Biomedicine · eu
AI Measures Whole Tumors, Challenging Old Rules for Assessing Mesothelioma Response
Pleural mesothelioma does not grow into easily measured round masses, but spreads along the lung wall; ARTIMES, built by a Dutch team using more than 10,000 CT images, attempts to turn this long-blurry clinical judgment into more verifiable changes in volume.
For patients with pleural mesothelioma, whether treatment is working is often not an easy question to answer from imaging. This cancer often spreads like a thin membrane along the lung and chest wall, and does not necessarily form a clearly bounded mass whose diameter can be measured with a ruler; when the shape of the lesion itself is irregular, physicians’ interpretation of whether it has “grown” or “shrunk” can also easily fall into a gray area.
Researchers at the Netherlands Cancer Institute said on June 17 that the AI model they developed, ARTIMES, performed better than physician interpretation and current tumor measurement standards represented by RECIST in assessing treatment response in pleural mesothelioma. The related study was published in The Lancet Oncology, and was designed as a retrospective, multi-cohort, multicenter analysis.
The core use of ARTIMES is not to diagnose cancer in patients, but to estimate the overall tumor volume in CT images before and after treatment and compare how it changes over time. This is especially critical for pleural mesothelioma: traditional RECIST uses tumor diameter as a common language, facilitating communication in clinical trials and among medical teams, but for lesions that spread along the pleura, one or a few linear measurements may not fully represent the true tumor burden.

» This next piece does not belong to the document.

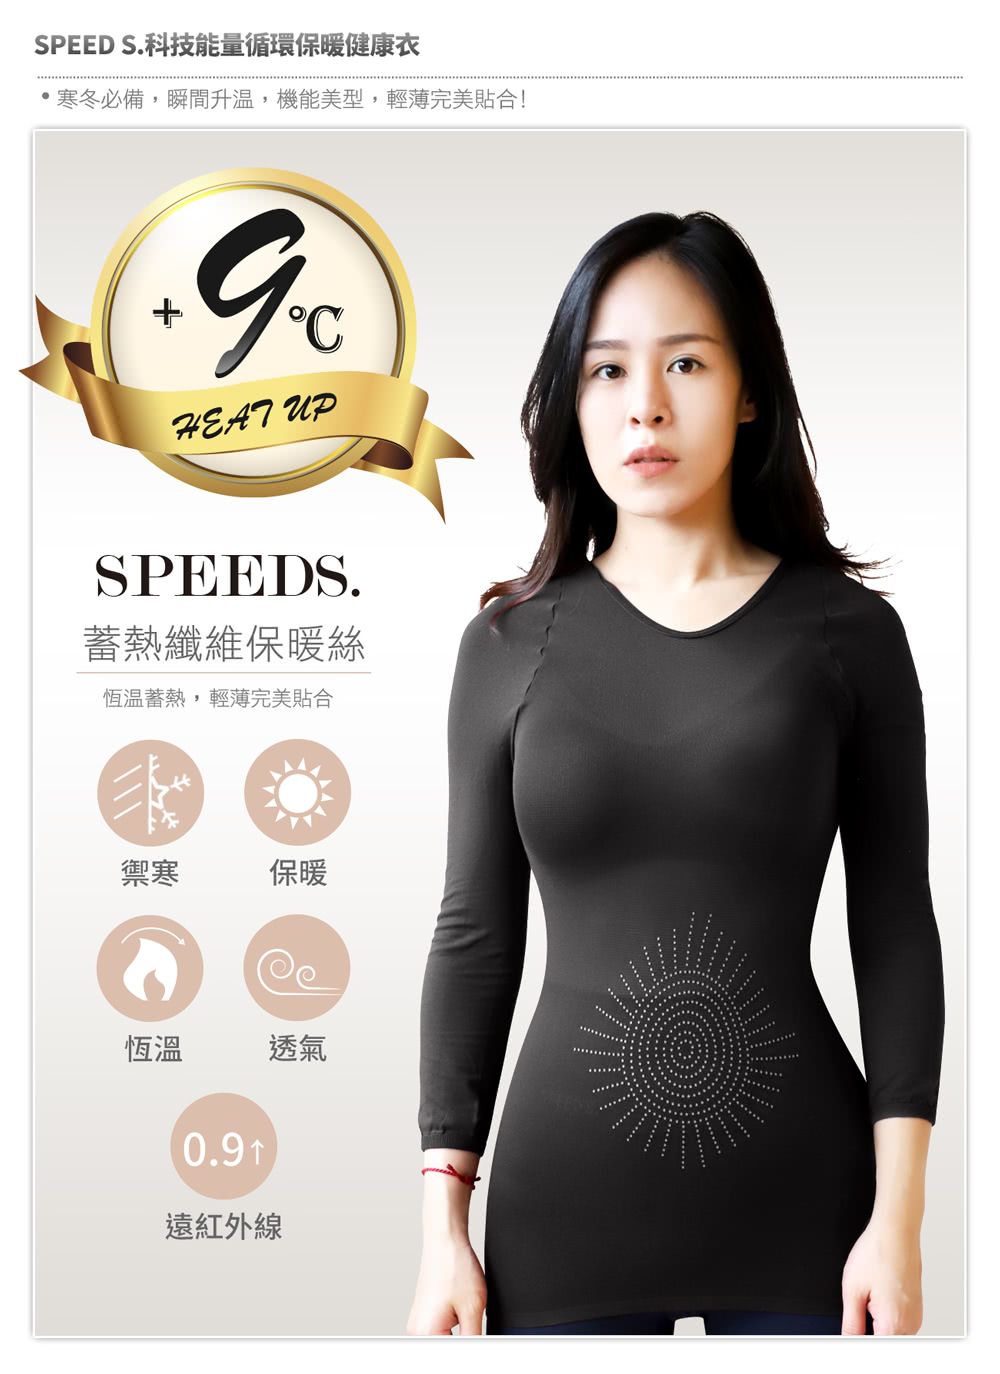 SPEED S. 科技能量循環保暖健康衣*8件(顏色隨機) 
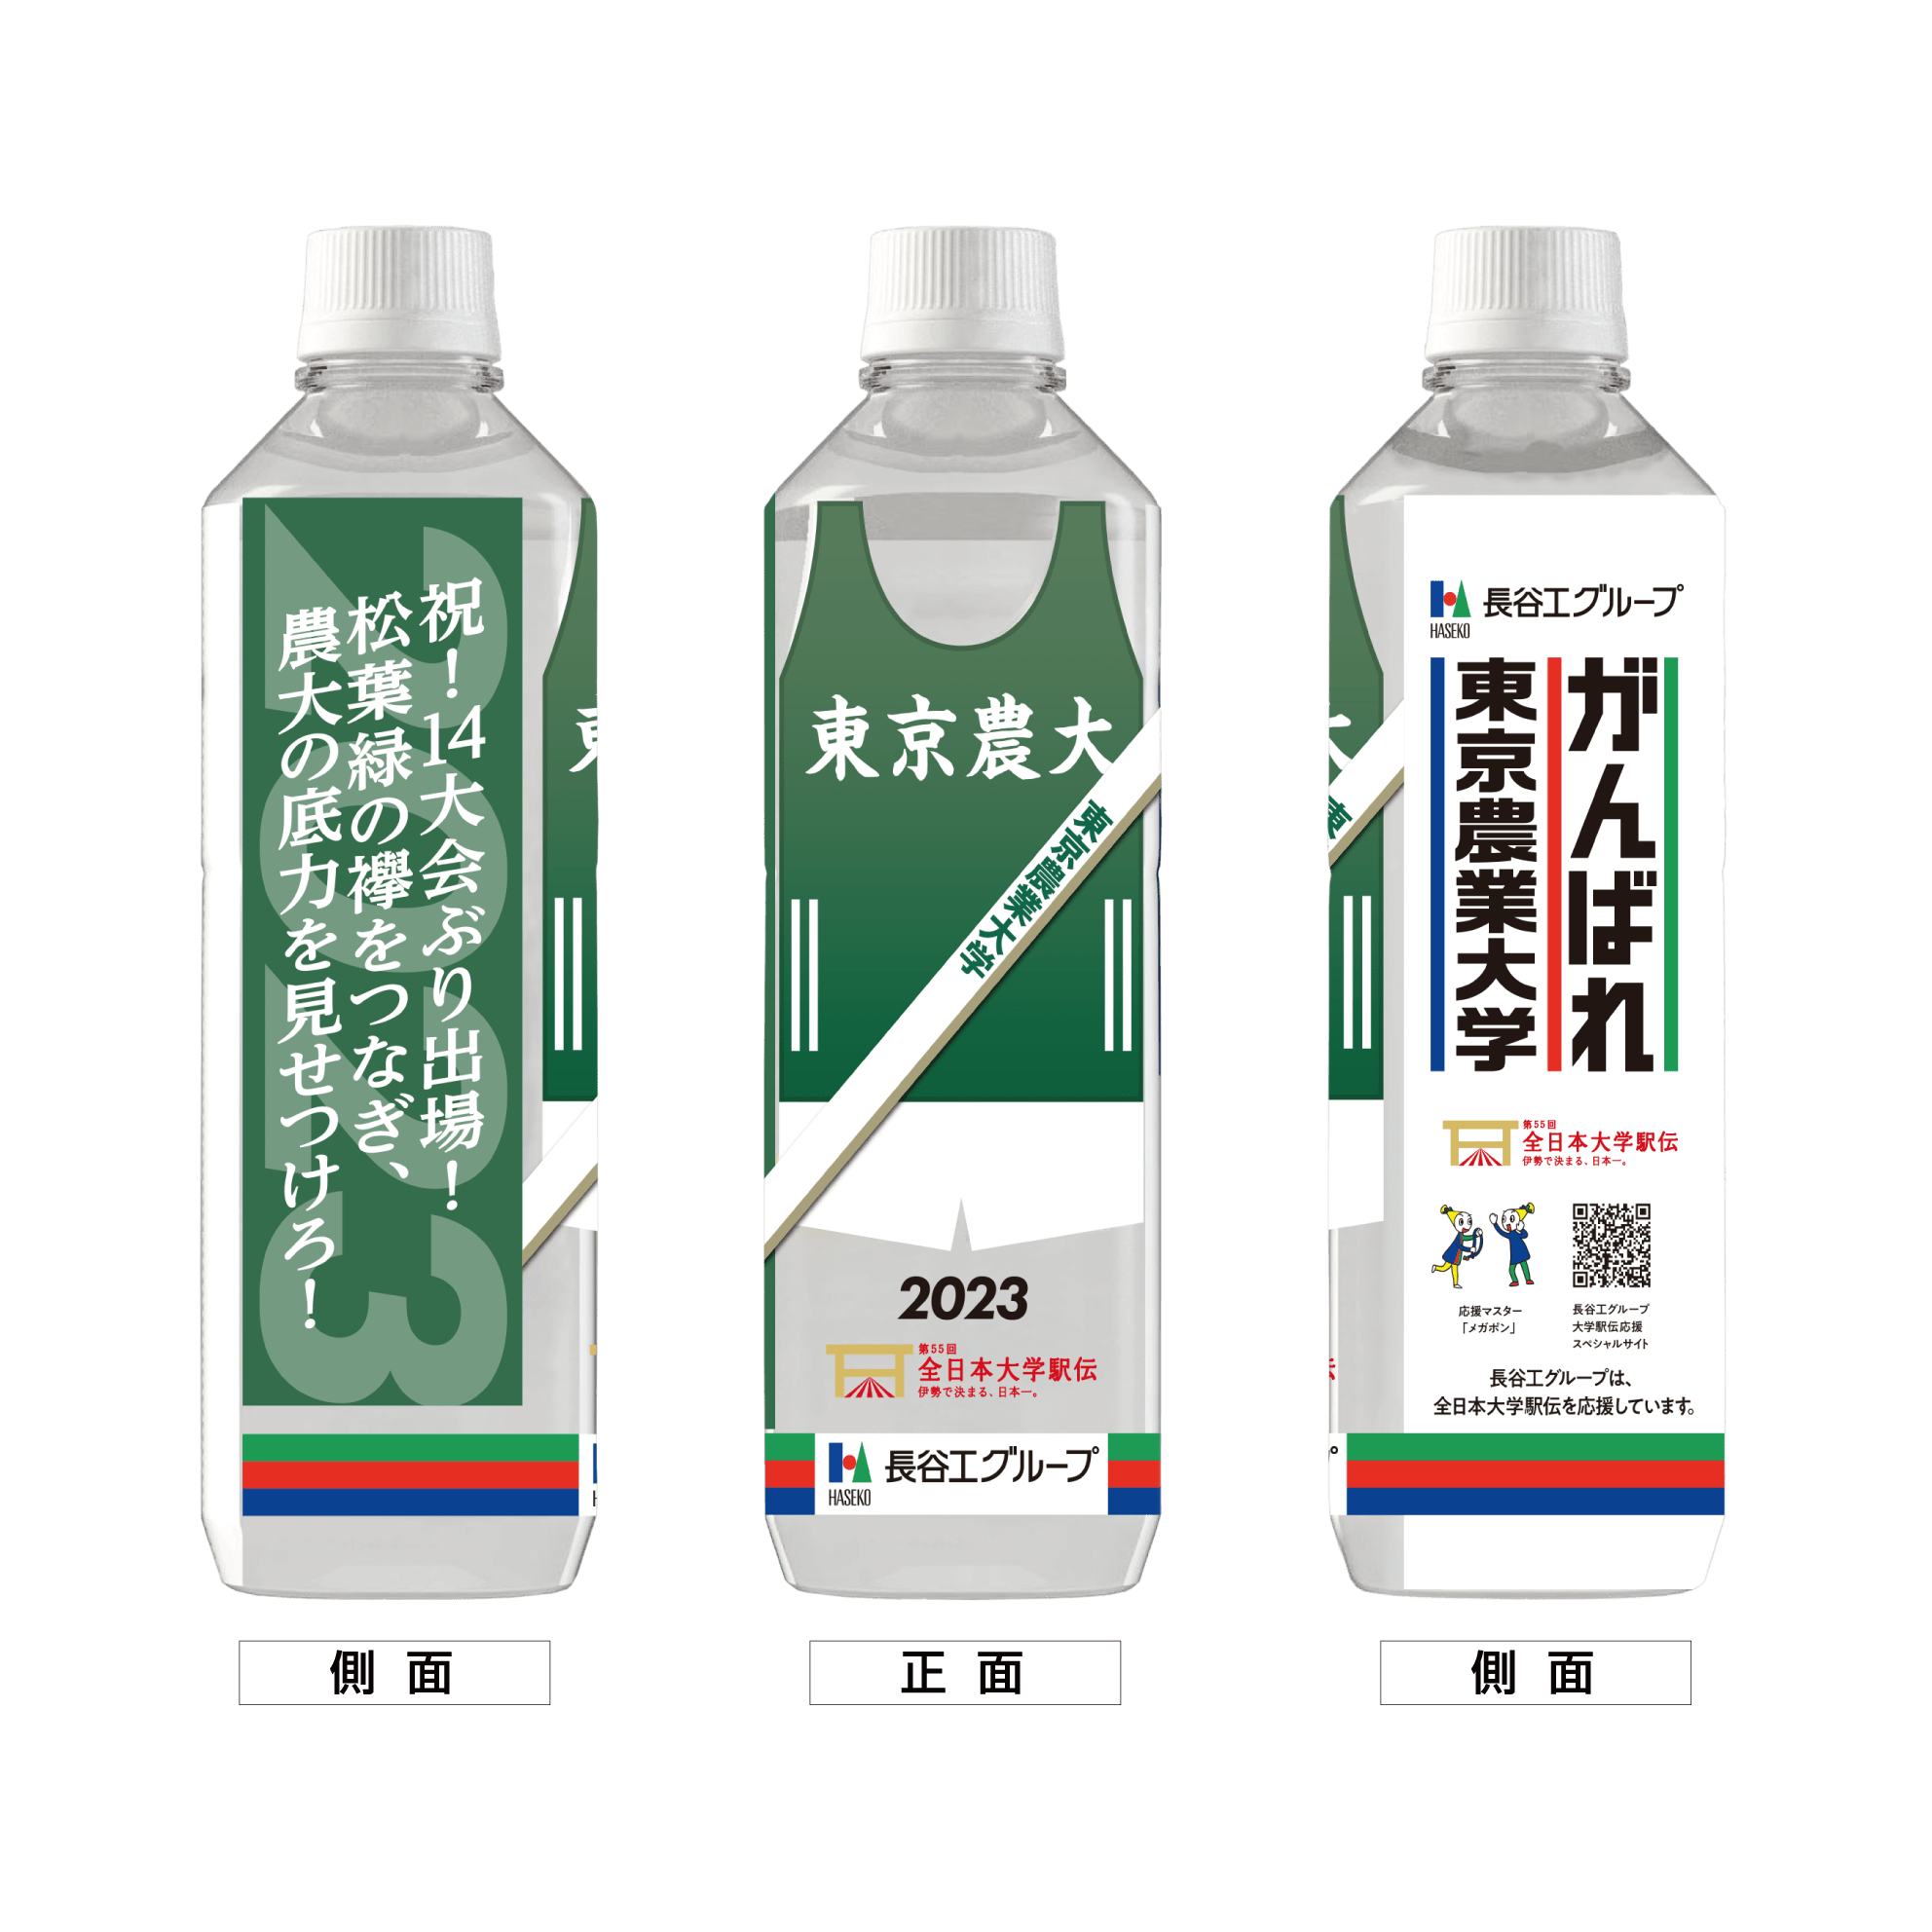 東京農業大学 ボトルデザイン

According to information released by the research team, model training and testing included 121 hospitals worldwide, more than 2,000 patients, and over 11,000 CT images, and its performance was evaluated using data from 8 clinical trials. The research team said ARTIMES’ response criteria based on volume change better reflected information related to patient survival than current standards, and may also reduce noise in clinical trials caused by unstable measurement.
The practical significance of this advance is that treatment decisions may receive clearer signals earlier. If imaging shows that the tumor is in fact not responding, physicians may be able to consider stopping ineffective treatment and switching to other options more quickly, allowing patients to endure fewer side effects and less uncertainty. However, the research team also emphasized that AI measurement results are still reviewed by physicians; at present, it is more like a tool that strengthens image interpretation than a system that automatically replaces clinical judgment.
The limitations also cannot be overlooked. Although this study was large and multicenter in origin, it was still a retrospective analysis; the model’s prospective performance across different hospital workflows, scanning parameters, and patient populations still requires longer-term validation. The press release also did not provide enough detail for external readers to fully assess all sources of bias, so its clinical promise should be understood in the context of the paper’s methods and subsequent independent validation.
Regulation is also the next hurdle. ARTIMES can currently be used at the Netherlands Cancer Institute under the European Union’s current in-house exemption rules, but if it is to be expanded to other hospitals, it will still need to obtain the corresponding medical device approval. The research team has made the model publicly available for research use; what will truly determine whether it can change pleural mesothelioma care will not be just algorithm scores, but whether it can improve decision-making steadily and transparently in everyday medical care and clinical trials.